By physically and philosophically integrating NSG systems and solutions, SEIN will help NGA overcome the technical hurdles to achieving GEOINT 3.0. Conquering the cultural challenges, however, will require uniting more than machines.

Inside NGA and within the broader NSG, this means educating staff about the value of an enterprise architecture while also allaying fears about competing budgets and perceived loss of control through interdependencies. This, in turn, requires coalescing individuals at all levels and from all disciplines around the mission opportunities that GEOINT 3.0 will enable, according to former National Reconnaissance Office (NRO) Director Martin Faga.
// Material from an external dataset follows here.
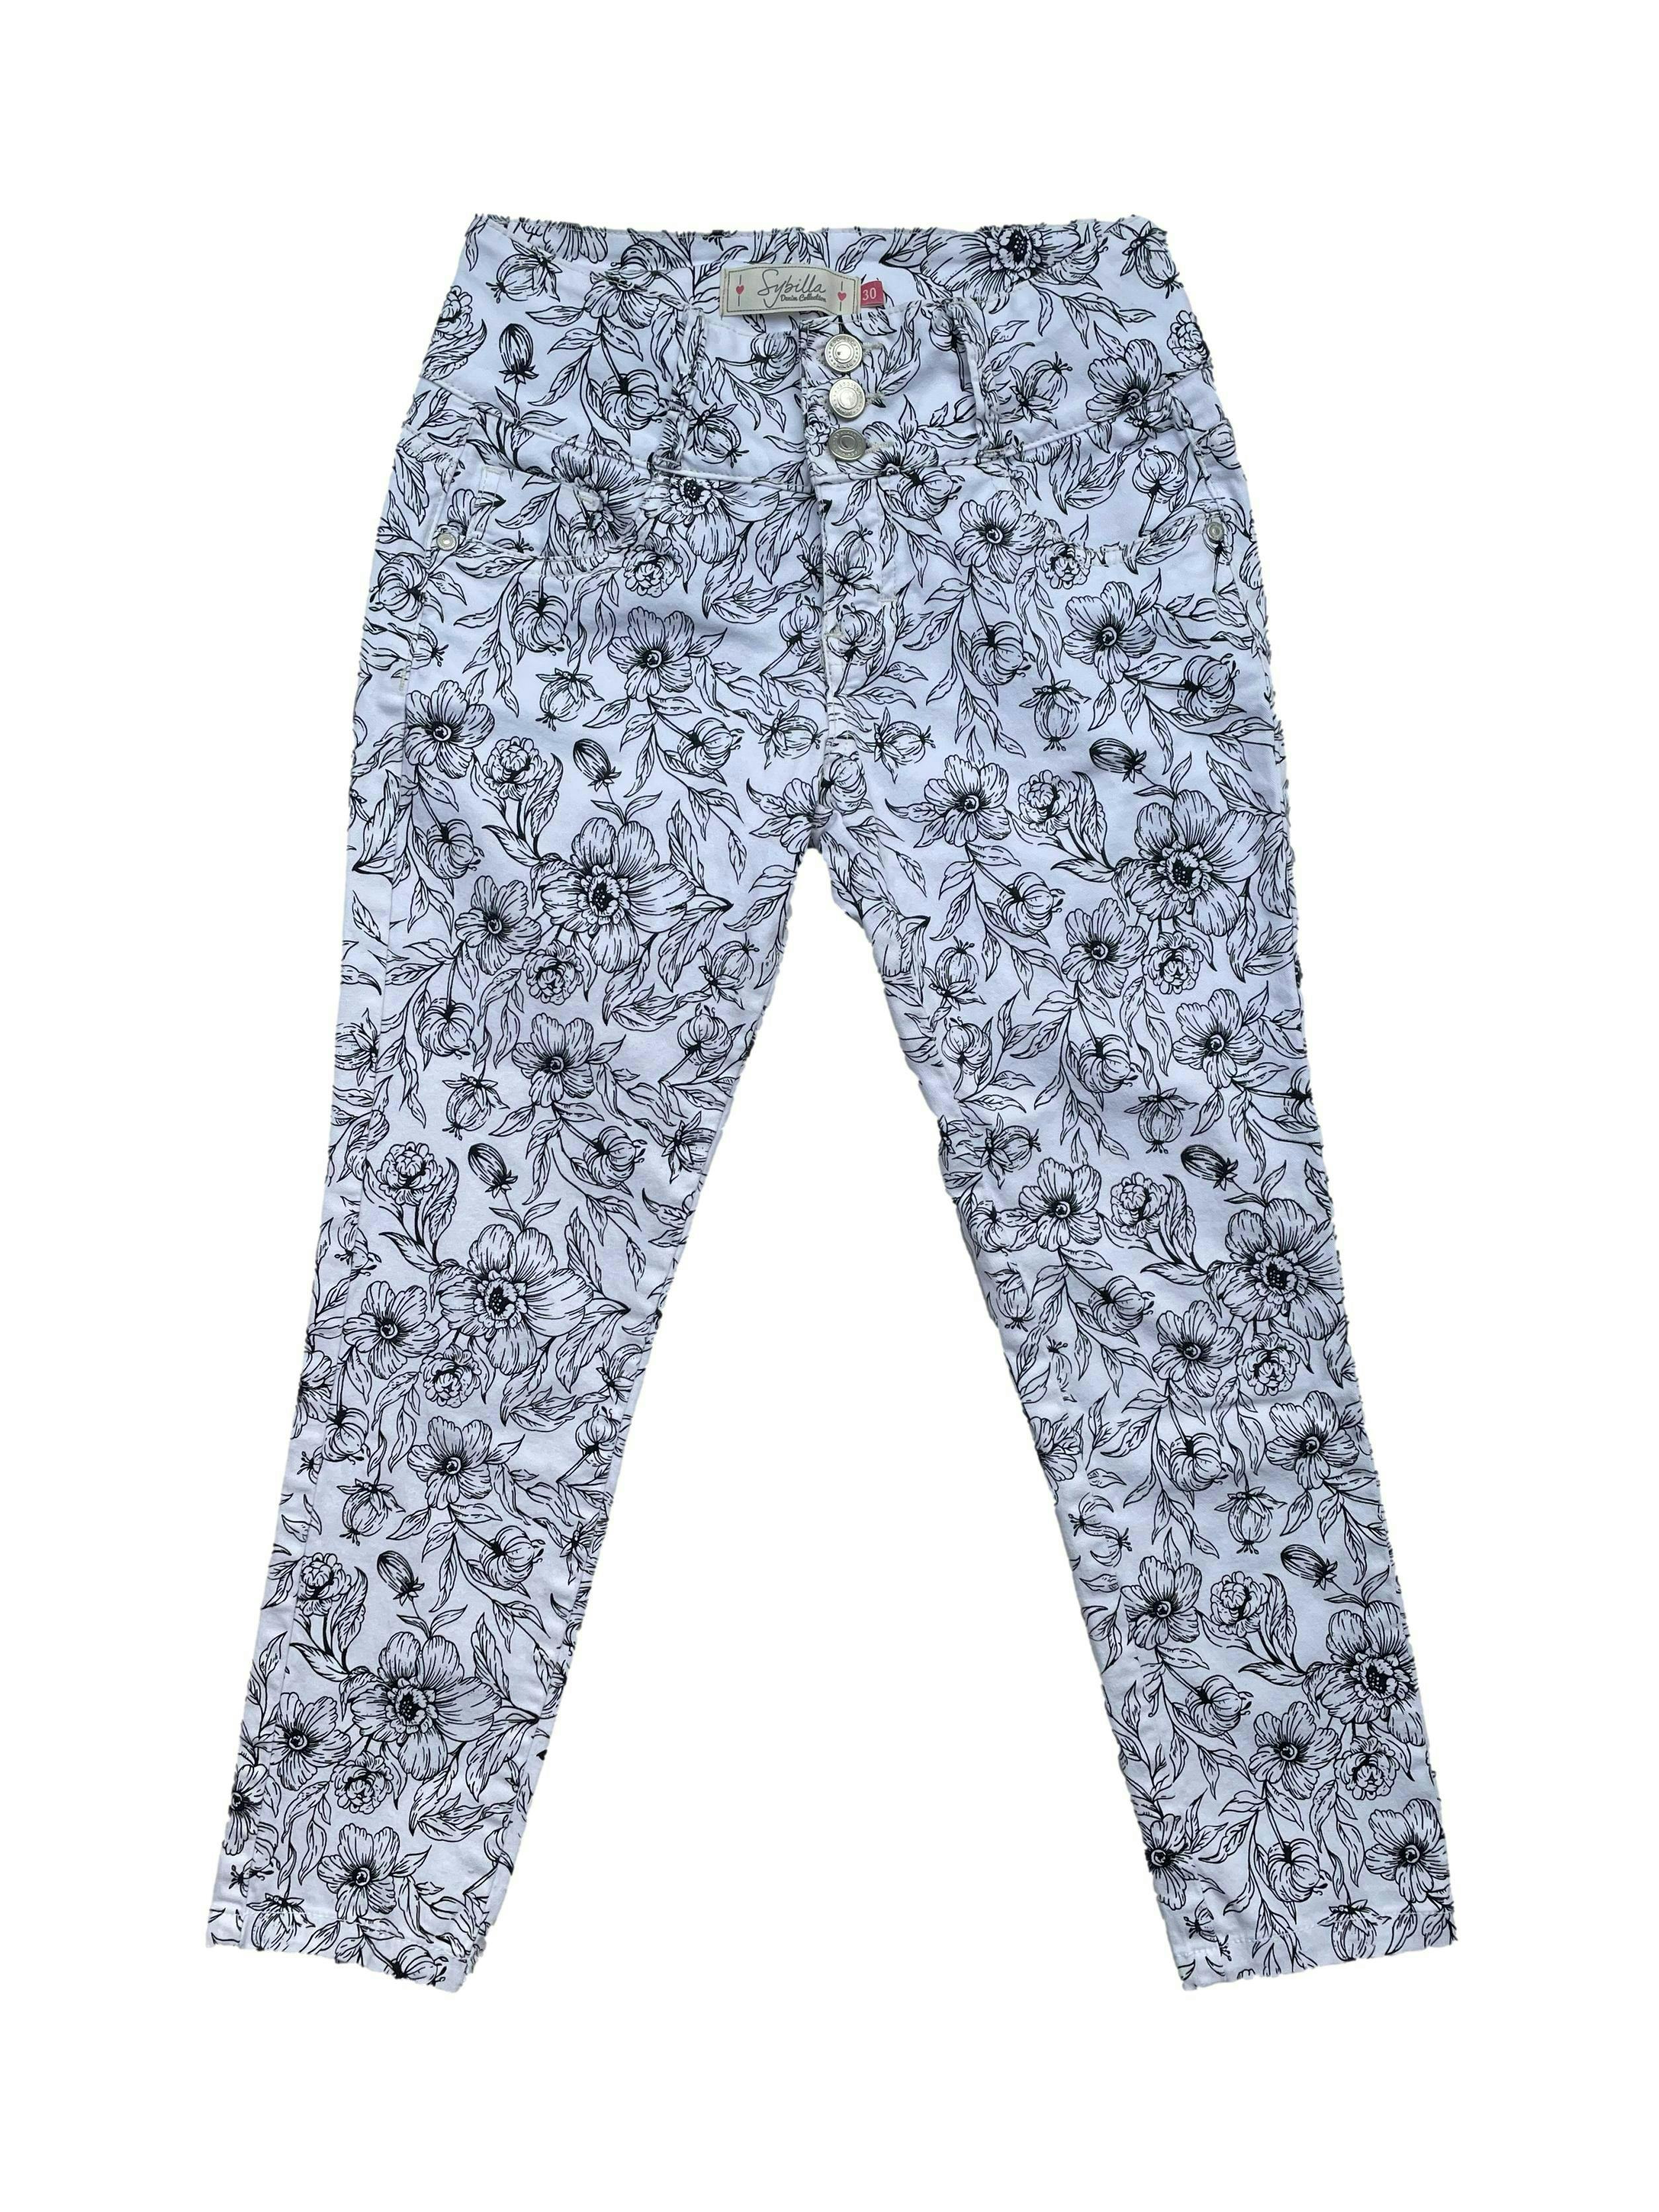 Pantalón Sybilla jean blanco con flores negras, pitillo al tobillo con tiro medio, bolsillos delantero y posteriores. Cintura 65cm sin estirar, Largo 78cm.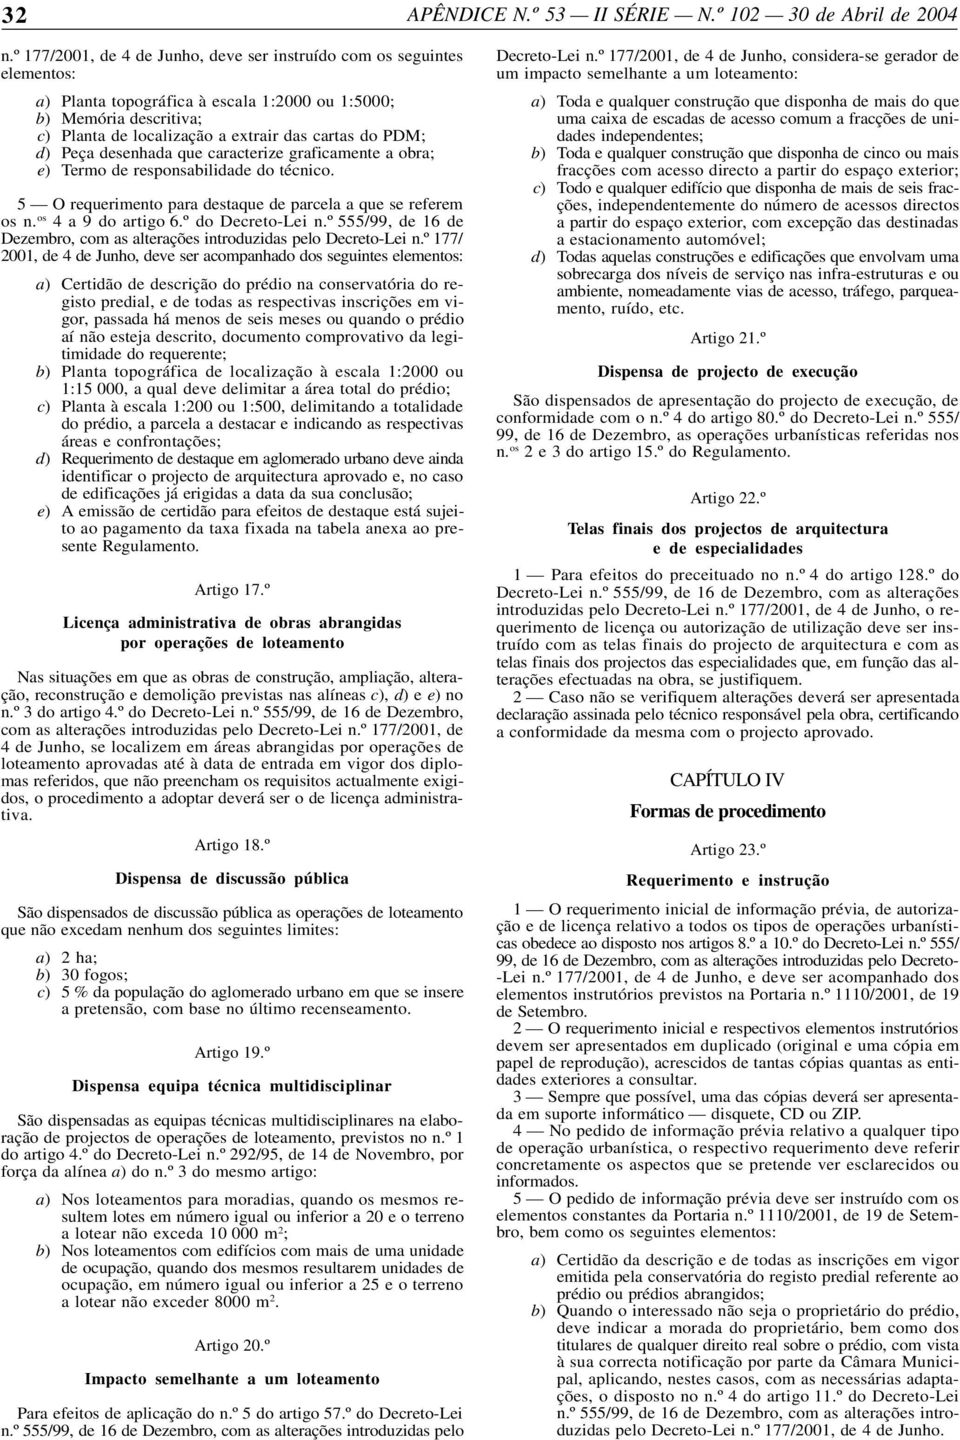 º do Decreto-Lei n.º 555/99, de 16 de Dezembro, com as alterações introduzidas pelo Decreto-Lei n.

“At NRO, I was director during the first Gulf War,” recalled Faga, who during this time was visited by a general who had led a surprise attack on Iraqi forces. “This general said to me, ‘People think the Iraqis didn’t mount a significant defense, but they did mount a significant defense and tried to lure us into any number of artillery traps. Because of satellite reconnaissance and rapid communications I always knew what they were doing and could respond. Your people need to know they were the difference between a few casualties and hundreds of casualties.’ That’s what drives people in government, and it’s what drives people at NGA. Every person out in the field knows that without geospatial mapping products they’d be blind. To get people [to embrace a more agile acquisition process] you have to show them what it means to the users whose lives depend on it.”

That’s exactly what Hayes-Ryan intends to accomplish. For example, when NGA hosts industry events, she said, users will present their needs and requirements directly to suppliers.

“Seeing physically what you’re doing to help the country or fight for national security… watching it happen in real time…it’s exciting and revolutionary.”

Industry will play a critical role in NGA’s strategic transformation, according to Shaffer.

“I would challenge industry to think differently about how they intend to work with us,” she said. “The model and the paradigm has shifted and industry needs to get on board with that and help us figure out the new economic model that’s going to support the pace at which we have to work. They have to be more collaborative amongst themselves and they have to figure out how working together makes better value for them.”

Although some companies may view the change as a threat, those who embrace and lead change will be empowered to create new opportunities and profit centers.

“This is the best thing that could possibly happen to industry because it’s going to make GEOINT more valuable, which will create more demand [for industry solutions],” Faga said.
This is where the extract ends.